Data extracted from a collection:
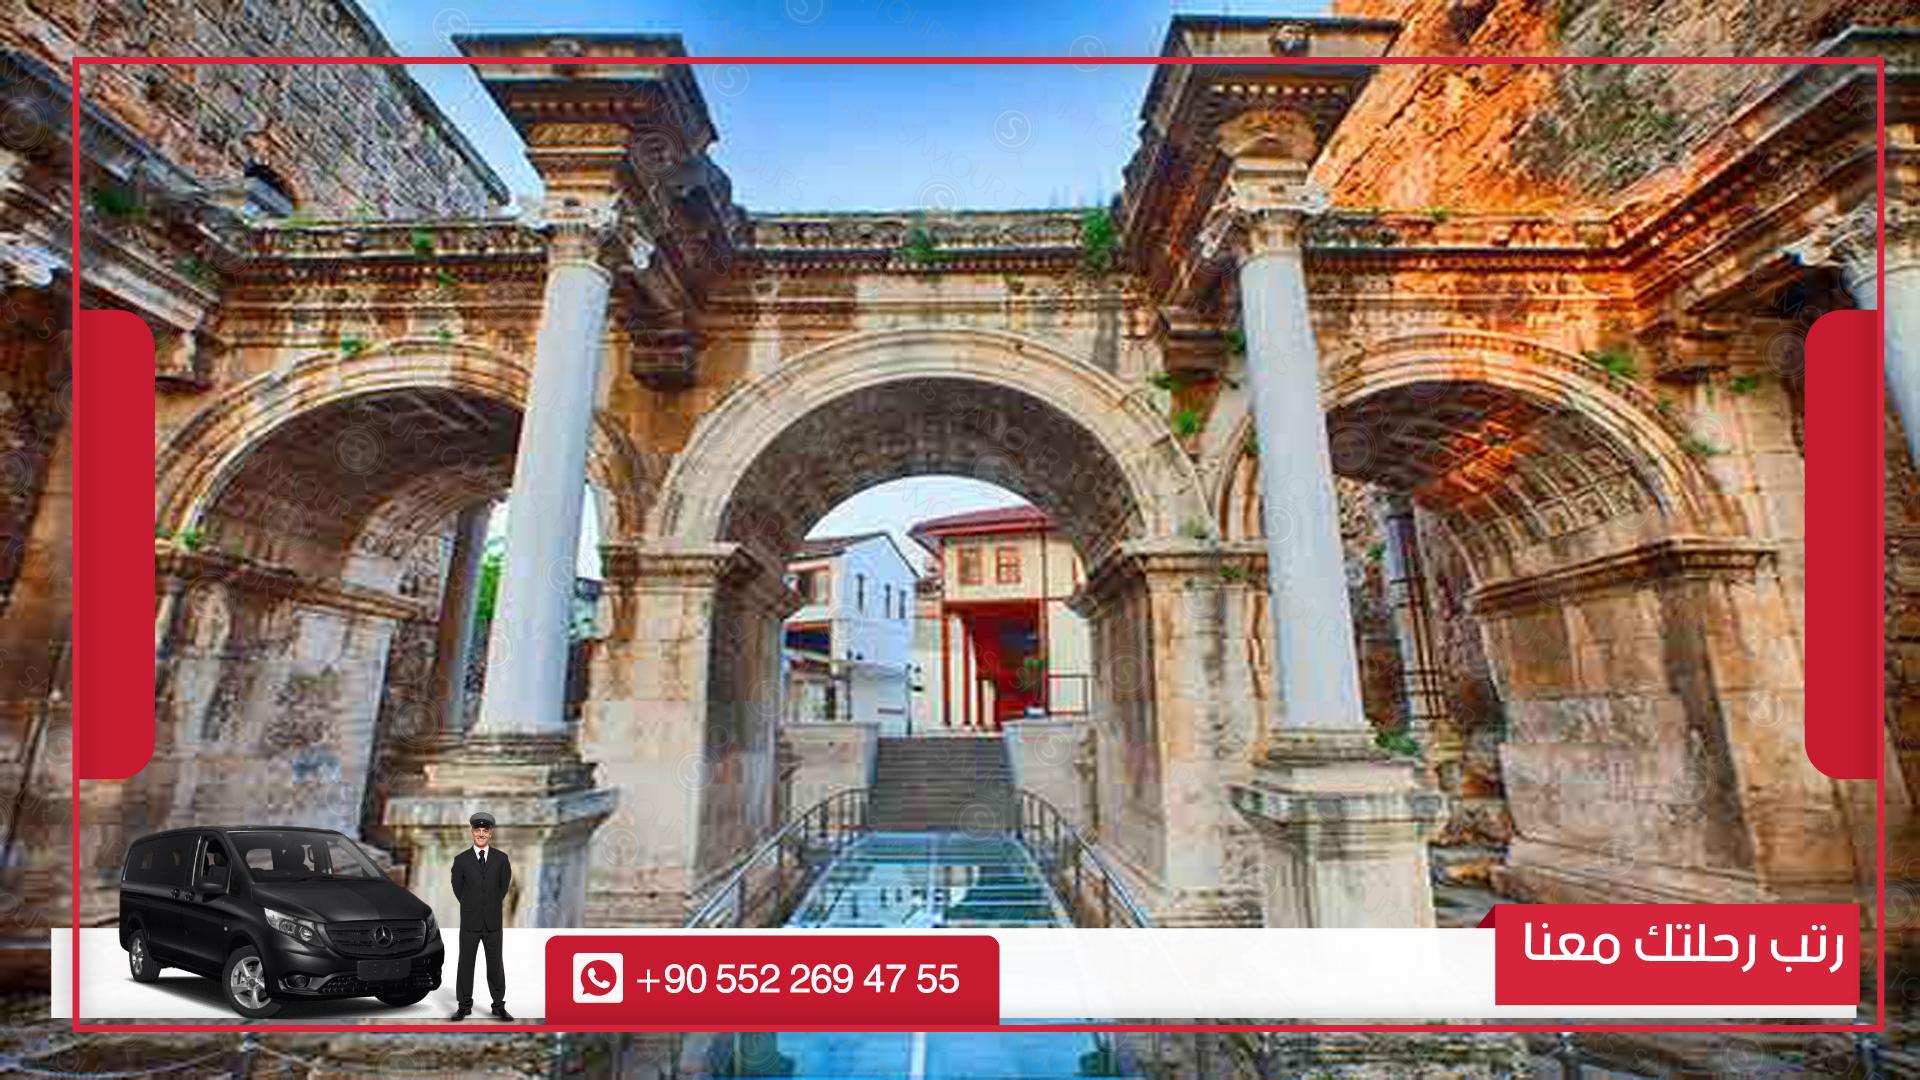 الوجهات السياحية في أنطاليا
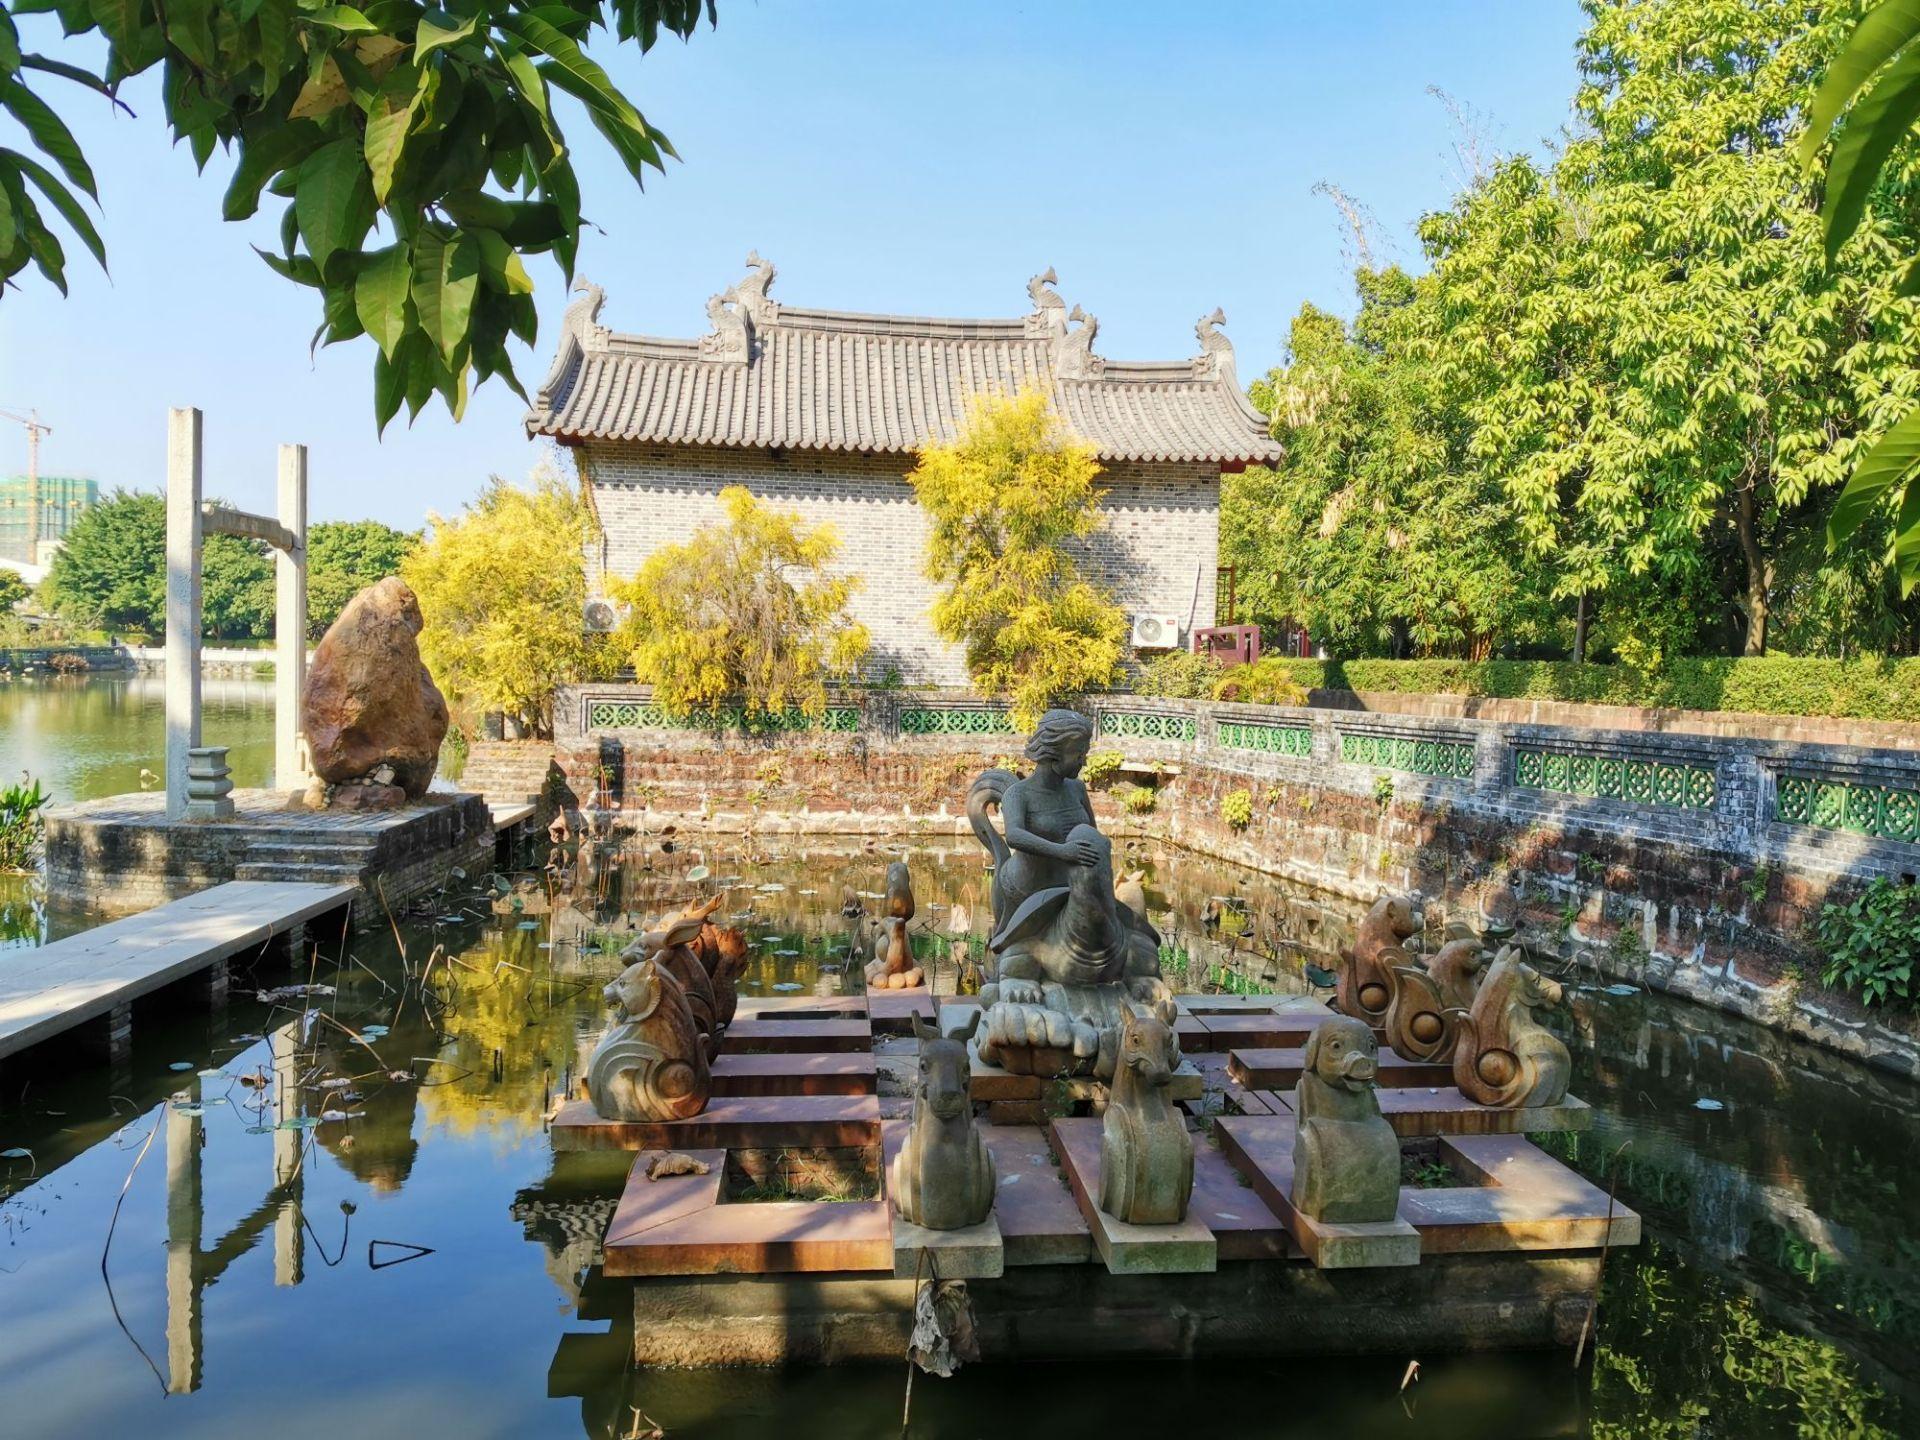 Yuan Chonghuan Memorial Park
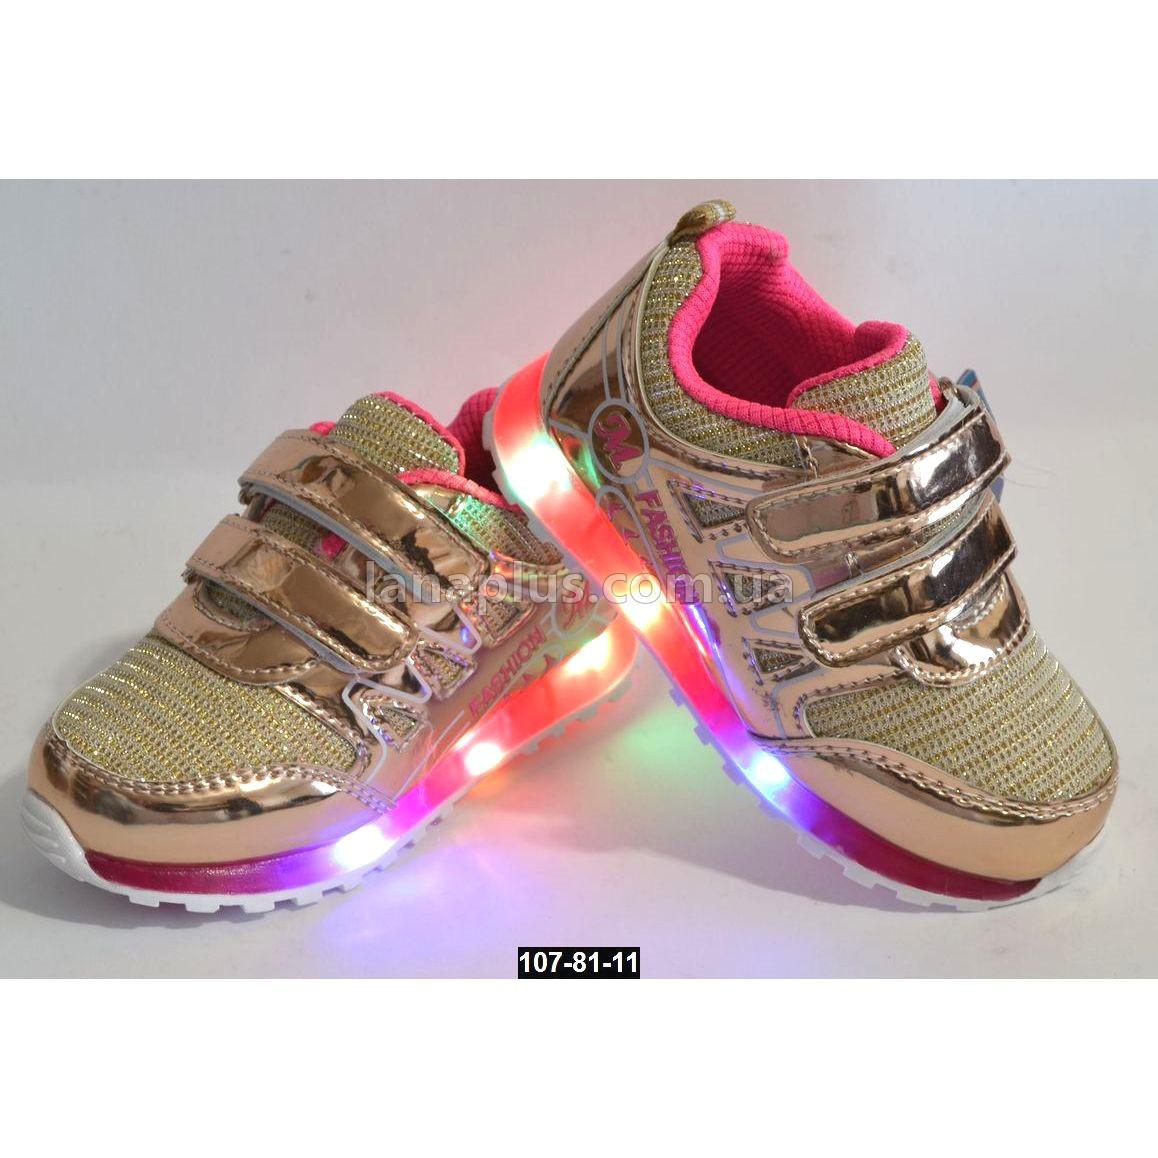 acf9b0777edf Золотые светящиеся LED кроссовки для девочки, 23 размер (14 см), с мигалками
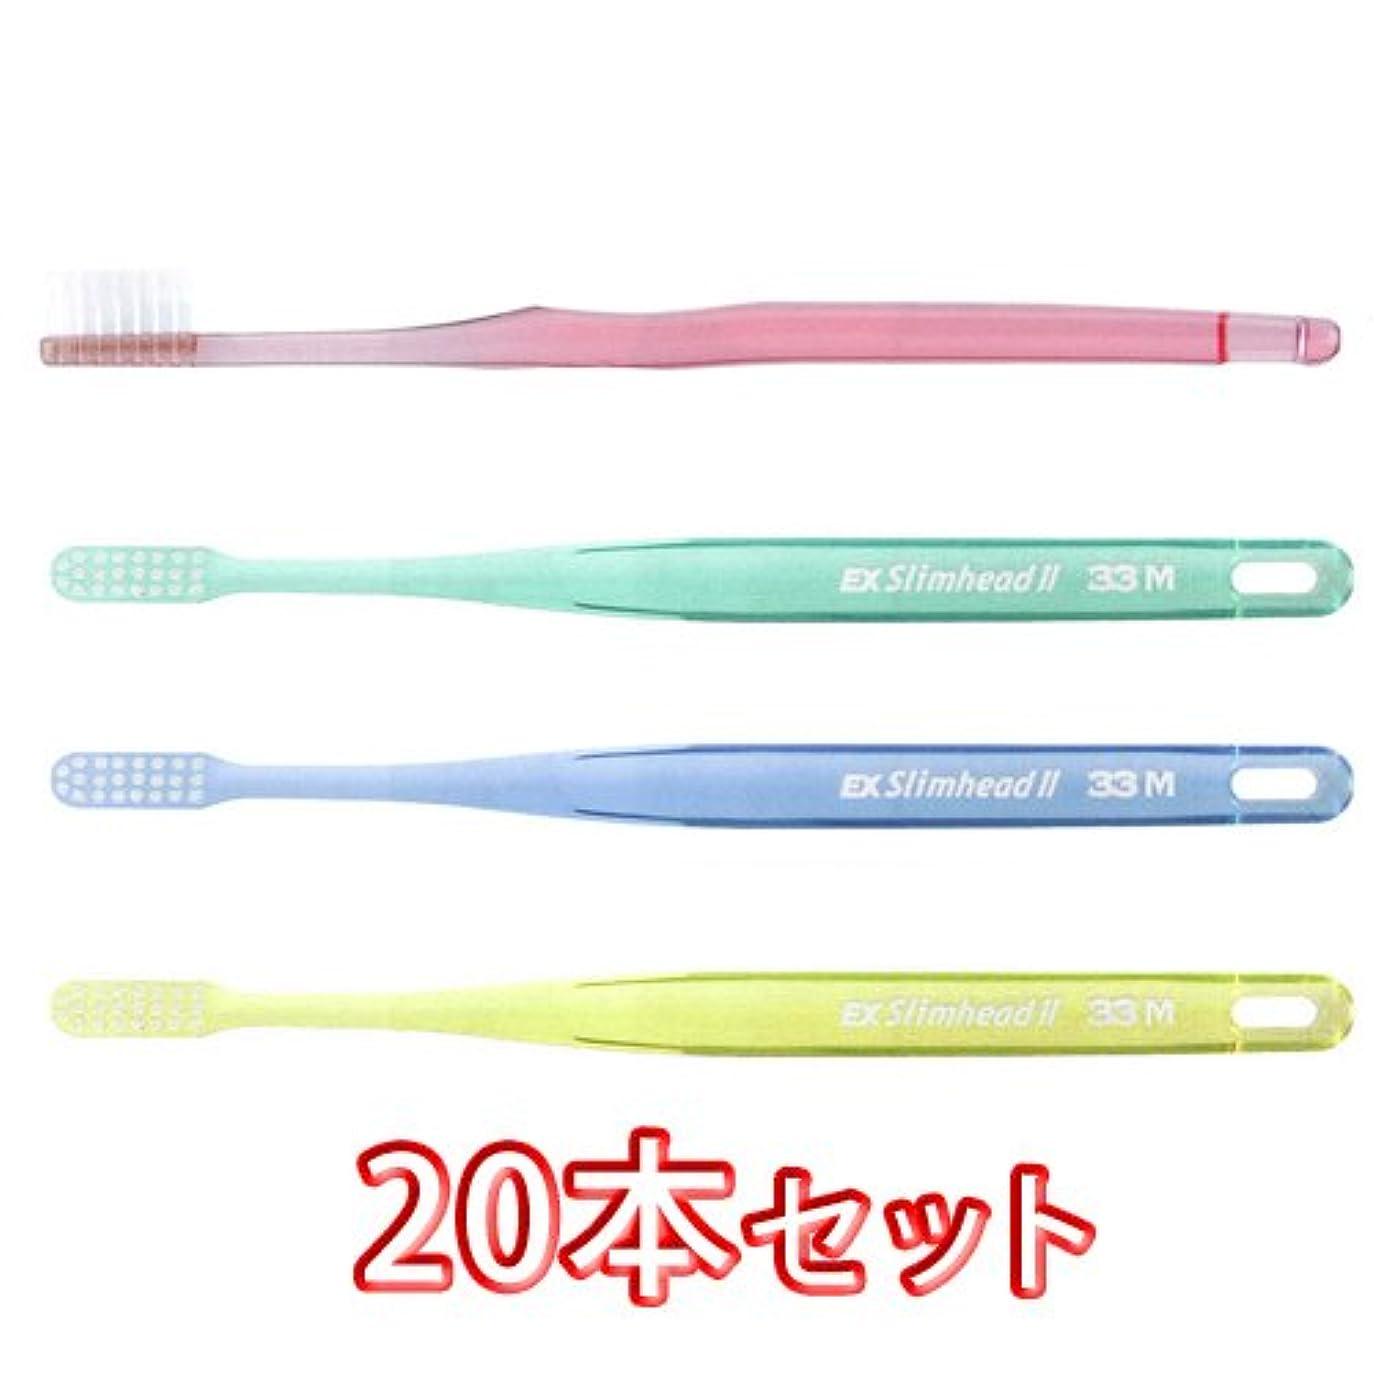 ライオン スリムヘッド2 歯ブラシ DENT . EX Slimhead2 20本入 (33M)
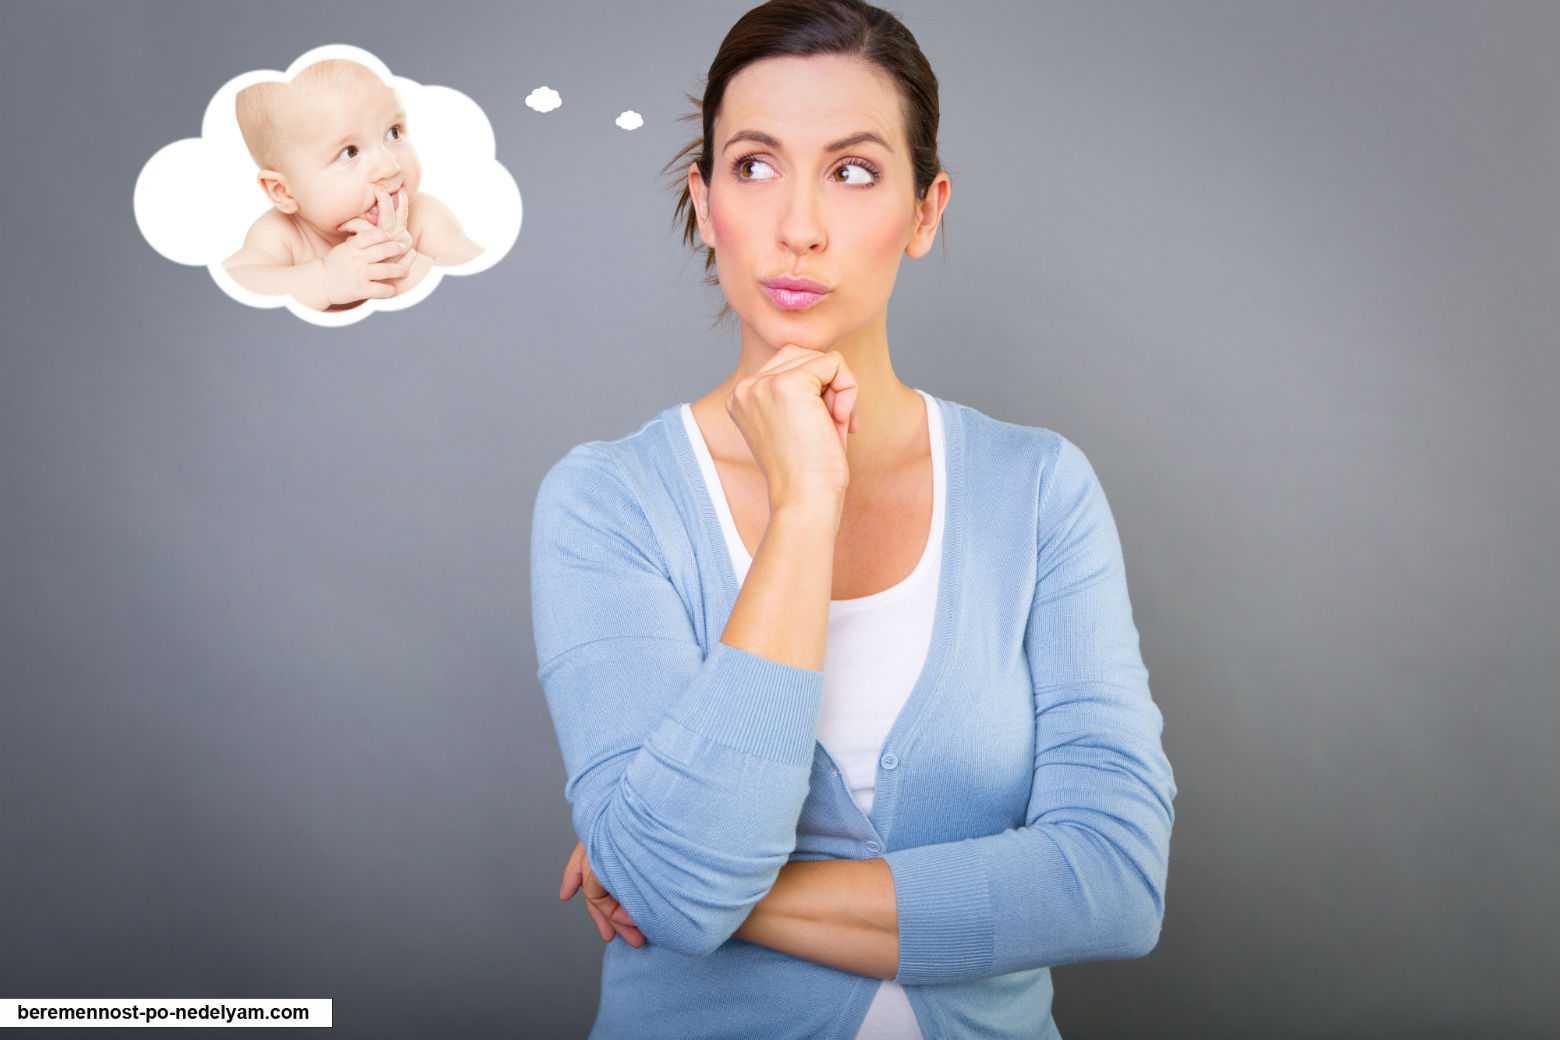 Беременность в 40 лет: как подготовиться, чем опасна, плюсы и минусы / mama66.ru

• [PROBLEM TO SOLVE]: Beginning at the line that contains "ライオン スリムヘッド2 歯ブラシ", retype each line of the data above through the very last one. Do not retype the pictures.

• [TASK RESPONSE]:
 ライオン スリムヘッド2 歯ブラシ DENT . EX Slimhead2 20本入 (33M)
 Беременность в 40 лет: как подготовиться, чем опасна, плюсы и минусы / mama66.ru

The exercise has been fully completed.